(Originally posted to social media on May 5, 2023)
I am shocked to hear about the death of Larry Adkins. Larry and I have been friends for more than 50 years. However we have lost track in the last 5 or so. I understand he has had some serious health issues. I fully expected to see him at the recent Conclave. He liked to wear the old red scout jacket that so many of us wore. His hair was black and he had a ready smile for anyone that he knew. He was full of lies and stories and memories and maybe that is why we got along so well. I do not know how old Larry was but I think we were about the same age.

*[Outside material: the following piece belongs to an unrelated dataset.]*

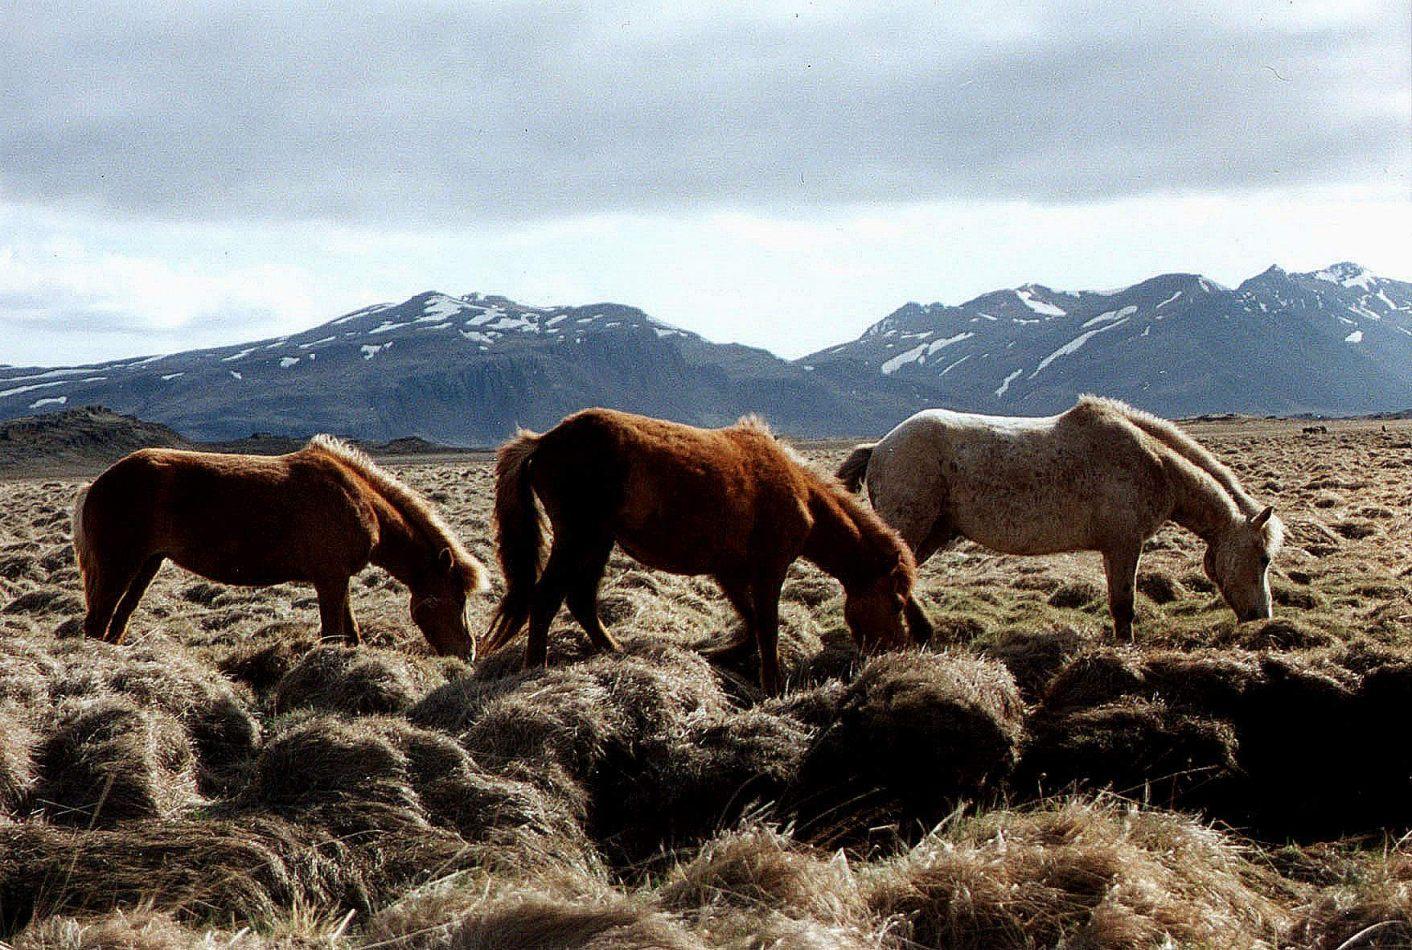 Anthony Ellis Photography: From the North - Icelandic Horses
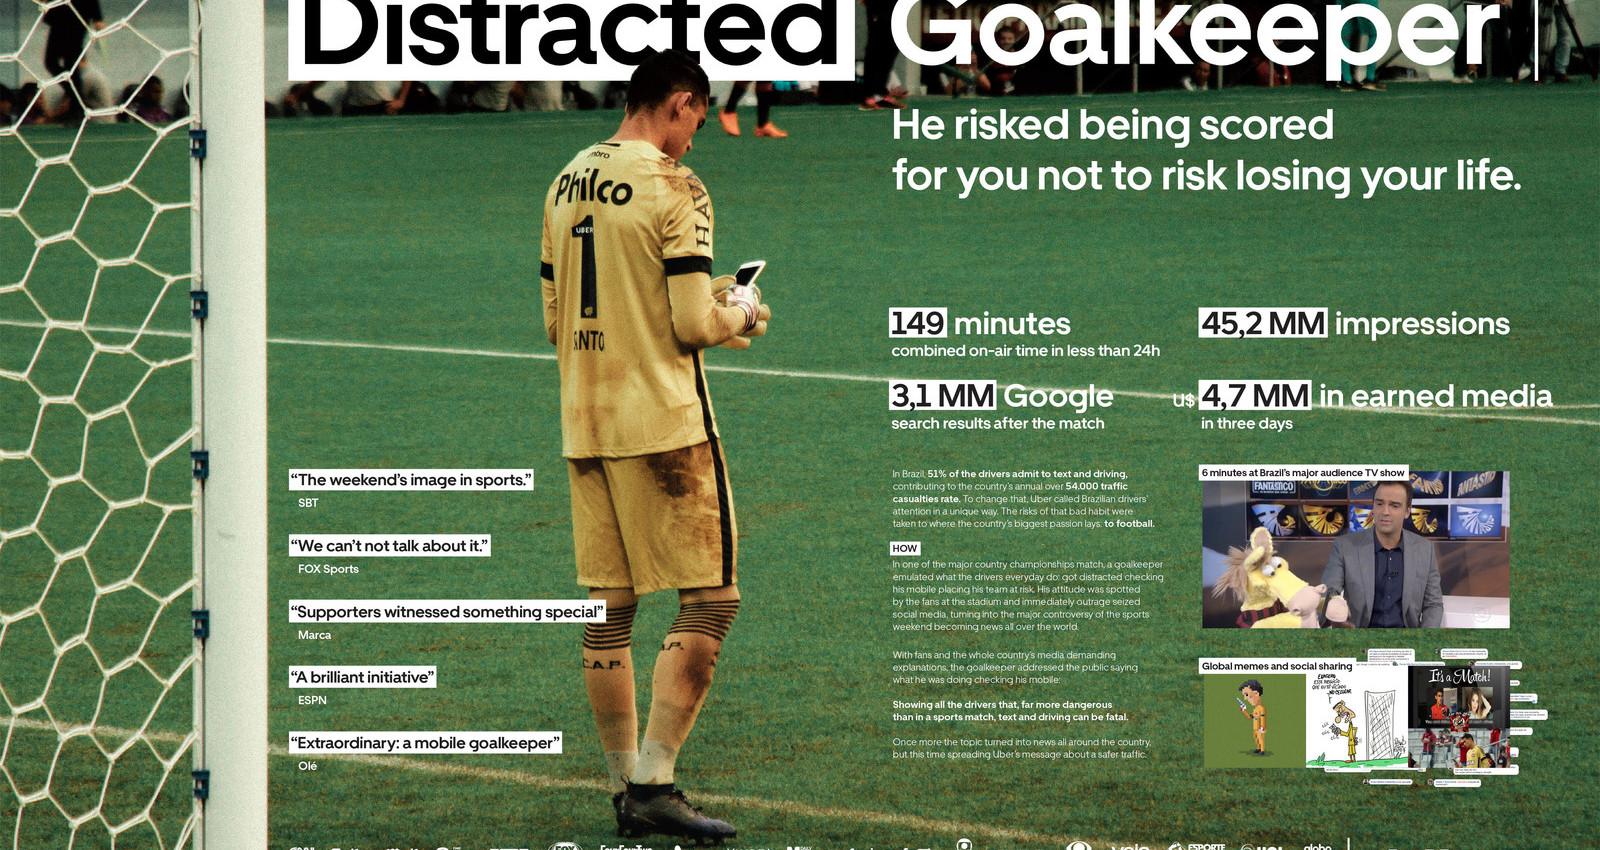 Distracted Goalkepper

Many years ago during the first season of the High Knoll Trail Camp Larry led a crew out of Camp Ottari. It was the first day on the trail and they were hiking out across the North Ridge trail that led up to the peak of High Knoll Mountain. His crew was headed into my base camp at white Oak Creek, Logging Days. After a while I began to get worried about the crew. I radioed base to find out if they left in time. Larry was supposed to have taken a trail off the right side of the mountain that would bring him down to me. But he had taken this steep shortcut trail that I had cut just for my own use. It was barely marked and it was so steep that it was almost cliff like. It dumped into a vast Rhododendron thicket that sprawled across the vast flow of White Oak Flats.
At the bottom the trail vanished because I did not need to know where I was going. I had a bad feeling that Larry and those poor kids were stranded in that snake infested hell. I got in my truck and rode to the closest point to the bottom of the trail and I cut loose with a long scream. Almost right away I heard the sounds of a crew lost on High Knoll. They would not be the last. I ran cross country to where they were still screaming. I led them out and I have to admit that I laughed just a little bit. Larry took it in stride but the kids were about to die.
Back at my camp I let the base know that I had the crew and then I ran them through the whole program. I let them know that they were trailblazers in a new program. The next day I sent them on the way to Huff Farm. They all thanked me for a great time and for getting them out of that patch of ground. The other option would have been to climb back up that mountain and that was almost unthinkable. Larry will be missed. He had a tall, lanky frame and he seemed to be everywhere at once in the old days. Tonight he is breaking in some new trail, swift travels my friend.